P _Di ' (t) game beliefs, U, of defenders corresponding to time t _Di (t) is the sub-population N at time t _Di By adopting a pure strategy S _Di The desired proceeds obtained in a one-stage game,

is the average yield, P, of the defender participant group space at time t _Di (t) is the selection strategy S at time t _Di The probability of (d);

the heterogeneous population replication dynamic equation is

Wherein b is the resistance to thinking.

2. The method of claim 1, wherein the set of game benefits is U = (U) _A ,U _D ) In (1),

is the average gain in space of the aggressor participant population,

is a defenseThe average gain in space of the group of participants of the party,

P _Am is the game belief set of the attacker, U _Am Is a subgroup N _Aj By adopting a pure strategy S _Aj Expected benefit, P, obtained in a stage of the game _Dn Is to select a policy S _Di Probability of (U) _Dn Is a subgroup N _Di By adopting a pure strategy S _Di The desired benefits obtained in a one stage game.

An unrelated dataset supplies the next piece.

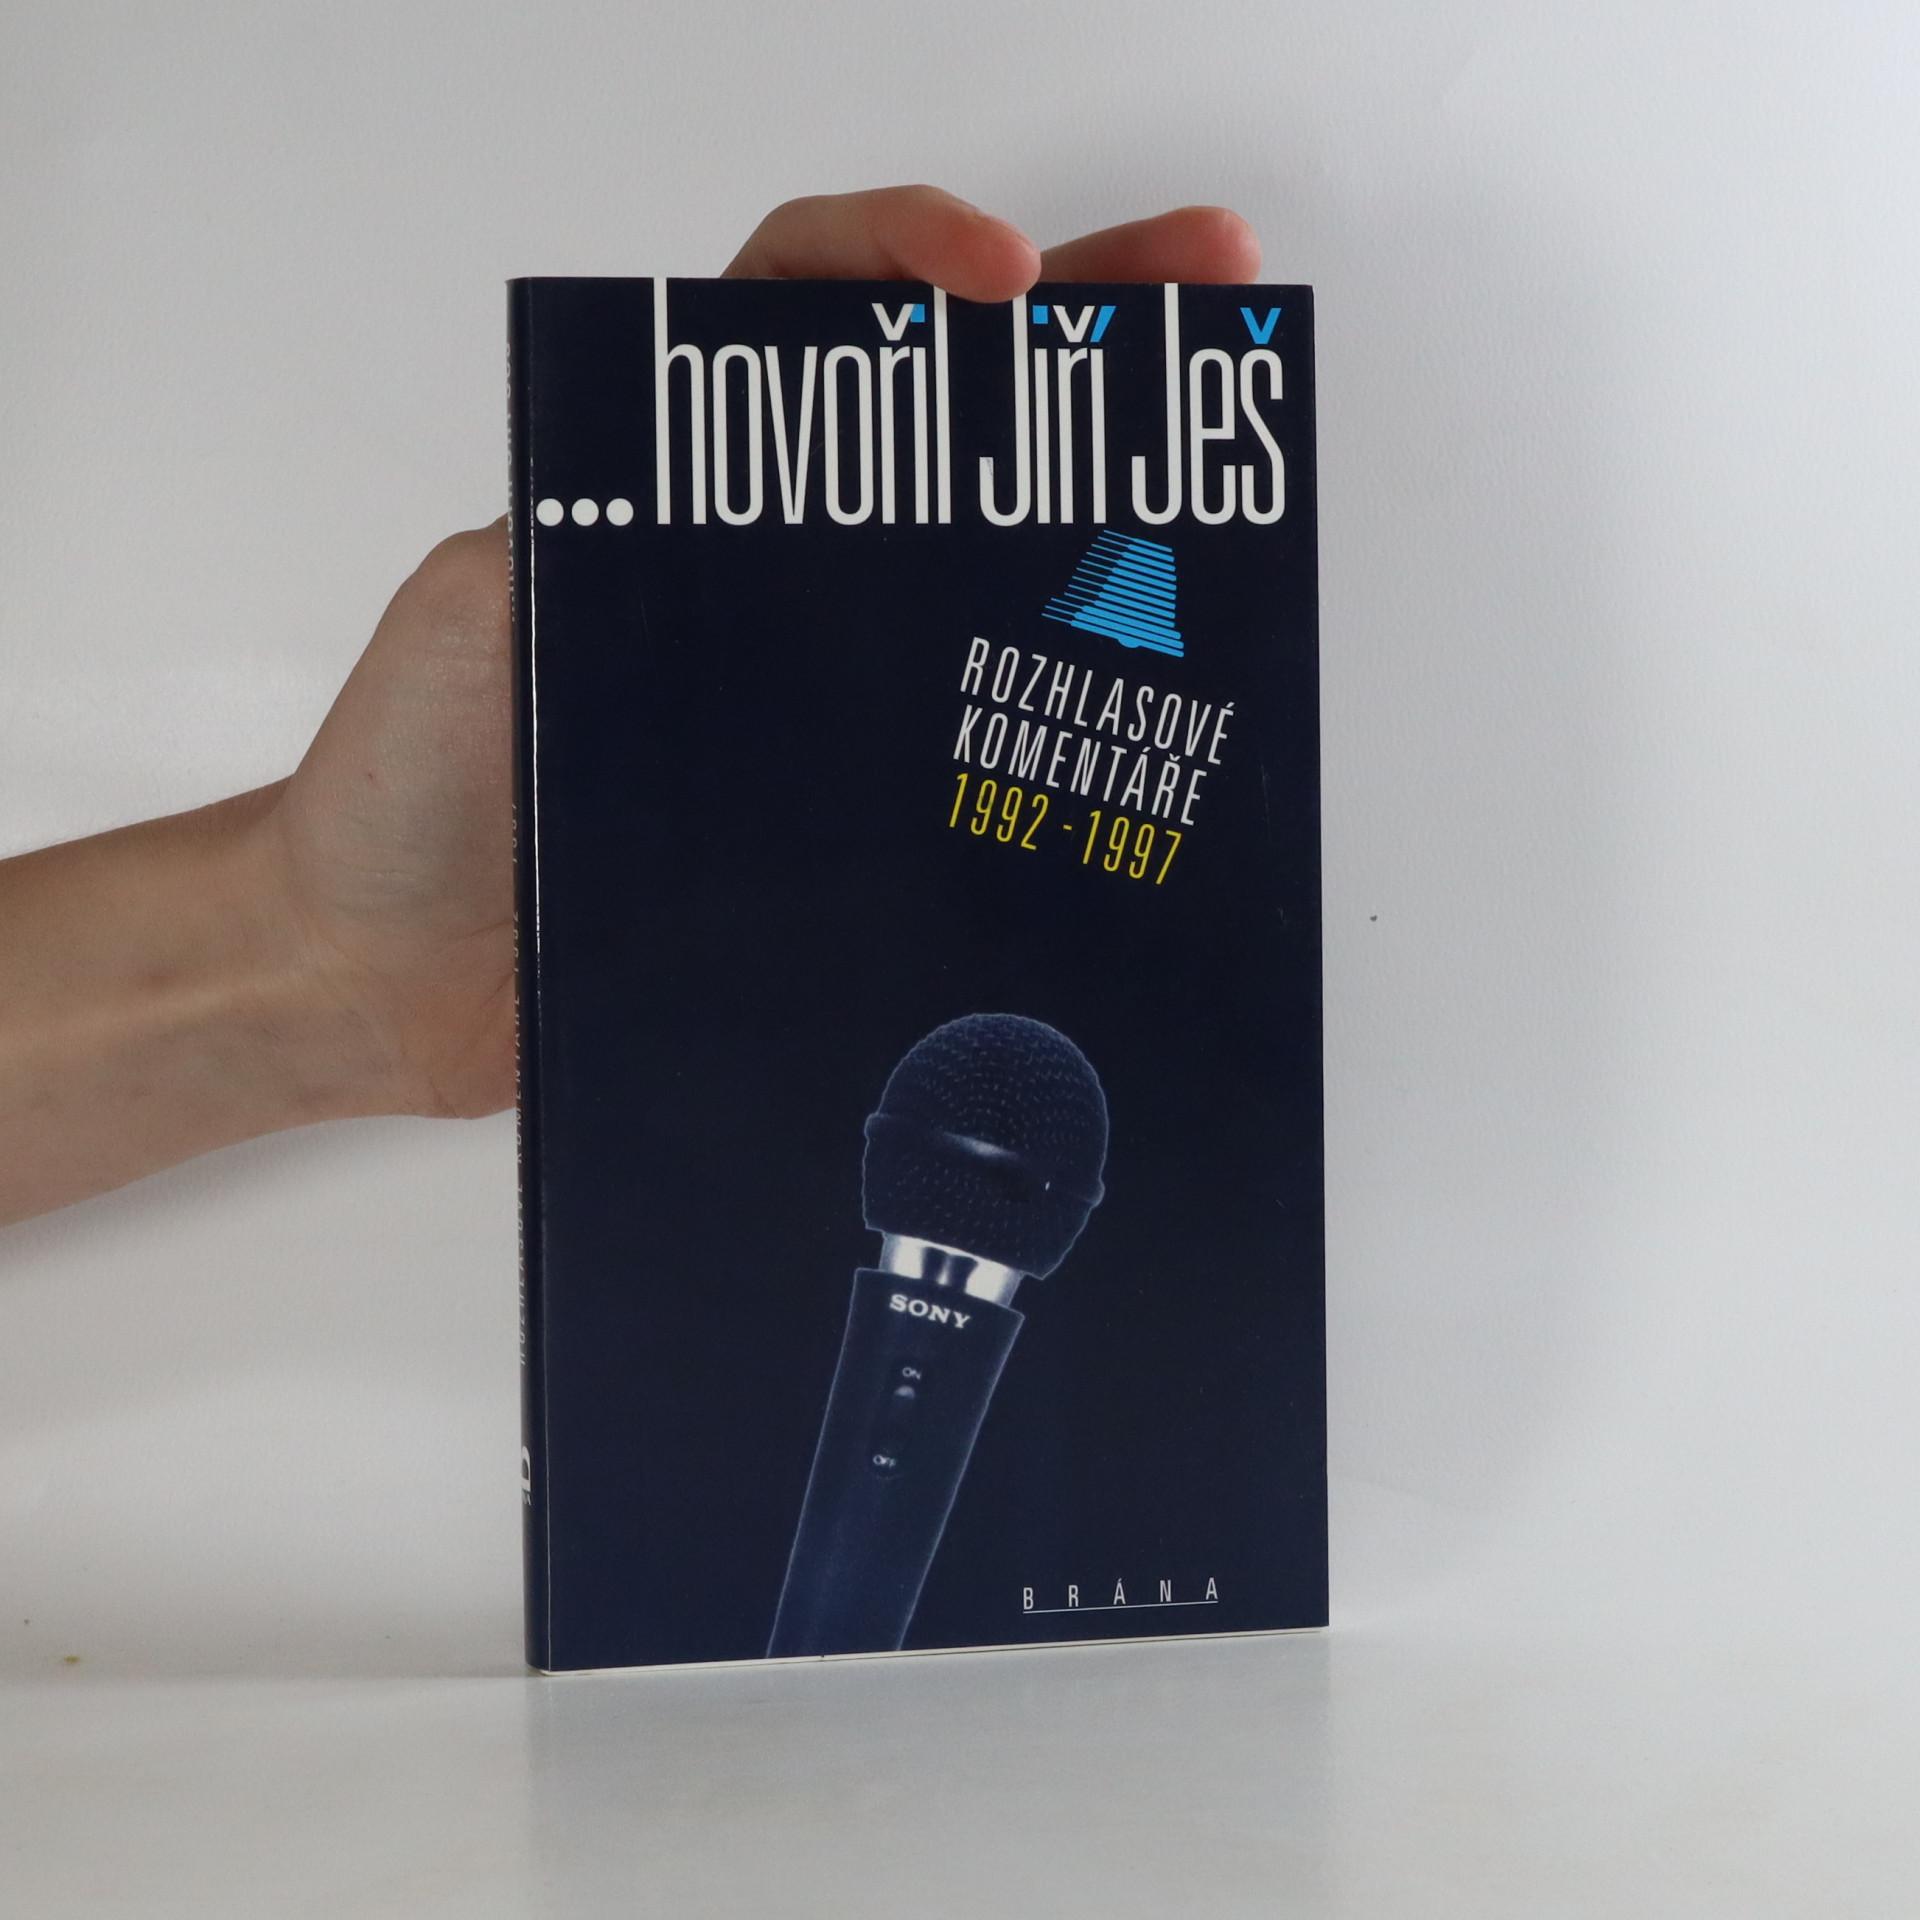 antikvární kniha ...hovořil Jiří Ješ. Rozhlasové komentáře 1992-1997., 1997

3. The method of claim 1, wherein the yield of the defender is calculated as U _D ＝δ·C _r -O _cost The income calculation formula of the attacker is U _A ＝λ·C _r -A _cost Wherein, in the step (A),

C _r the importance degree of the target resources of the attack party in a complete attack and defense process;

A _cost the cost paid for the attacker to attack;

4. The method of claim 1, wherein the predetermined strategy learning mechanism is that after each stage of game is over, each sub-population of the attacker and the defender randomly extracts one other sub-population from the population as a countering object to perform strategy learning.

5. The method of claim 1, wherein the heterogeneous population evolution game model is a dual heterogeneous population evolution game model.